団地ともお」と「小雨ちゃん」。「小雨ちゃん」は最初の作品集ということだが、すでに完成されている。感情が一人のものであること、ささやかなコミュニケーションと根本的に人が一人であるという、当たり前のこと。
「天国までの100マイル」は田中陽造脚本だが、厳しかった。一つ一つのエピソードが退屈でしかない。ロードムービーにもなっていない。
「アンソニーのハッピー・モーテル」ビリーのキャラが金持ちの友達が嫌な感じのお兄さんに馬鹿にされてるのに大好きだったり、三人組で微妙に仲間はずれにされてたりとかで、面白いはずなのだが、面白くない。ジェイムスカーンが空手の達人なのは面白かった。

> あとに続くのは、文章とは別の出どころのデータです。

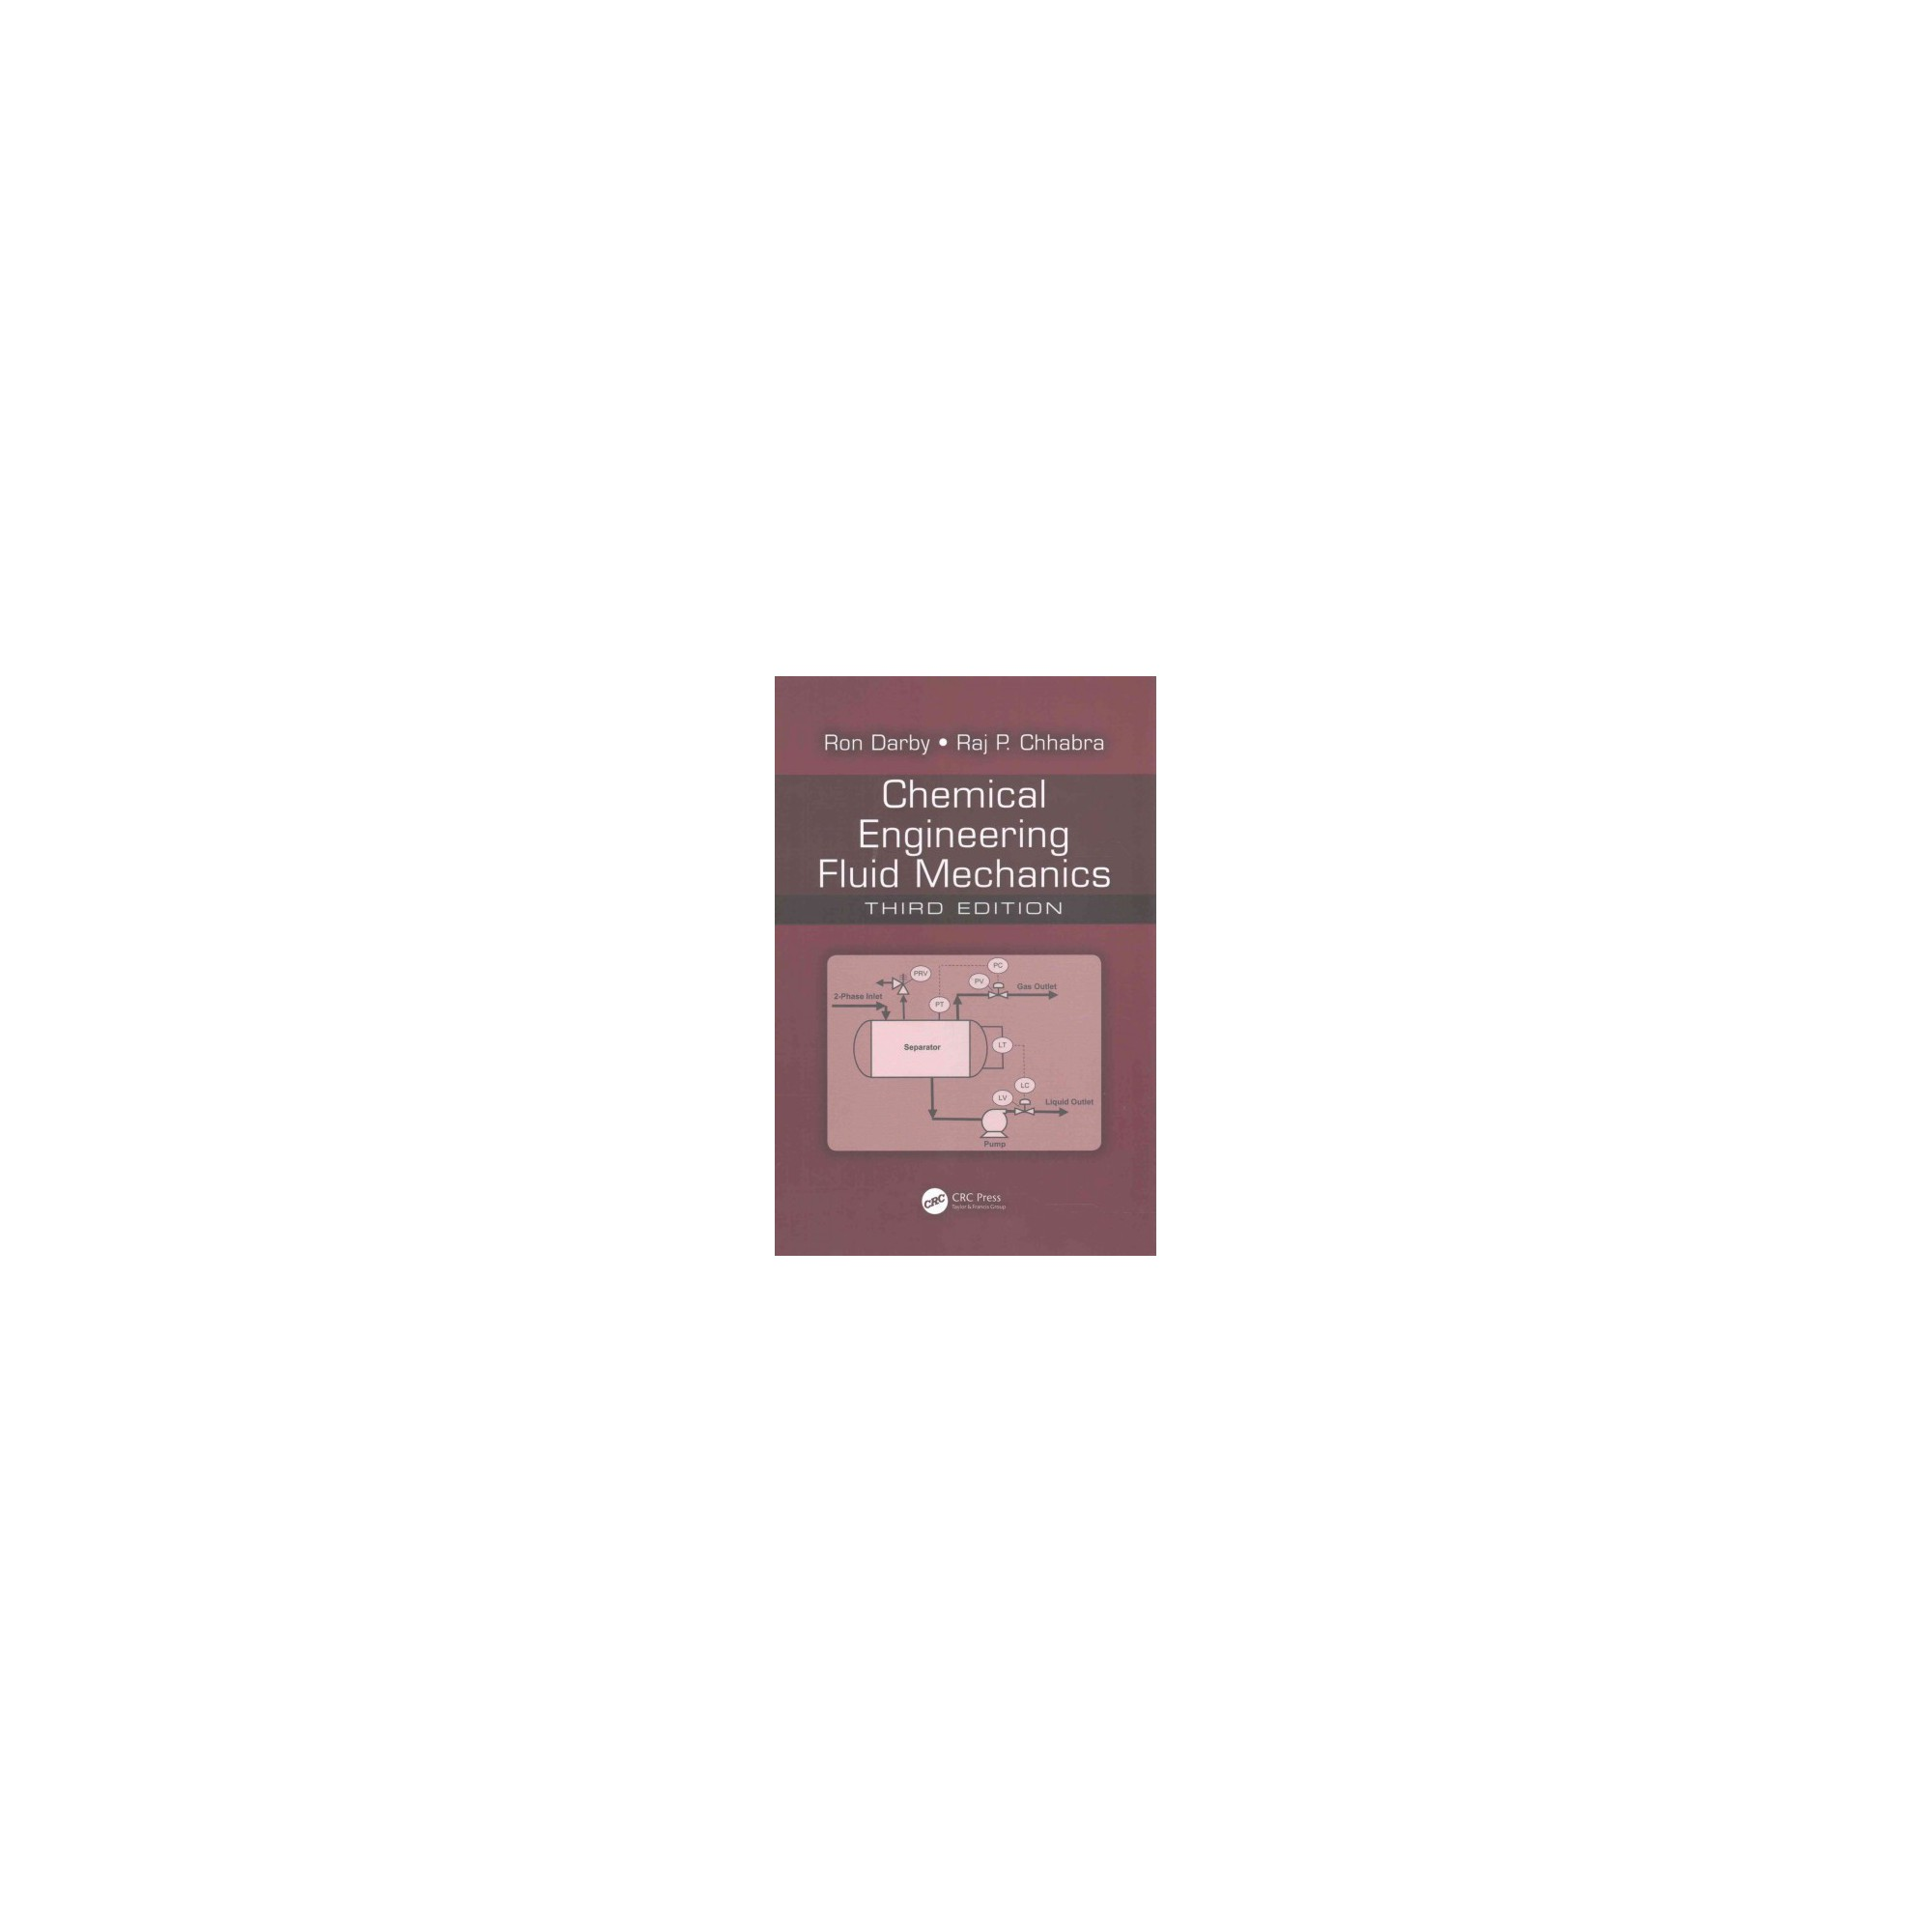 chemical engineering fluid mechanics hardcover ron darby raj p rh pinterest co uk

「マイボディガード」デンゼルワシントンが甦って、超人になる瞬間が見られなかったのが残念。許されざる者で酒を飲む瞬間のような。最後、自分で自分の命を絶たないのは、殉教者として正しいと思う。ダコタファニングは「宇宙戦争」同様、場面によって母親、聖母やおばあさんや成熟した女に見える。全体として雑な所があり、一度自殺を試みるが失敗する所がうまく話全体につながっていないのと、メキシコの煉獄感や、街中を敵に回している感じがでていないし、デンゼルワシントンが復讐の鬼というようにあまり見えない。冷静さが怖ろしさにつながっていない。しかし昔のアクション映画のような荒涼感はあってそこはよかった。デンゼルワシントンがハンサムすぎたか。クリストファーウォーケンの、画面に映った瞬間に狂ってる感はすばらしいので、もっと絡んで欲しかった。過去をはっきり明かさないのはいいと思うが、デンゼルワシントンの代弁者として語ることはもっとあってよかったし、デンゼルとの関係のありようももっと何かあってよかったと思う。「コラテラル」のほうが好きなのは、抜き差しならない二人の関係が存在するからだと思う。デンゼルワシントンとダコタファニングの関係をもっと突き詰めてほしかった。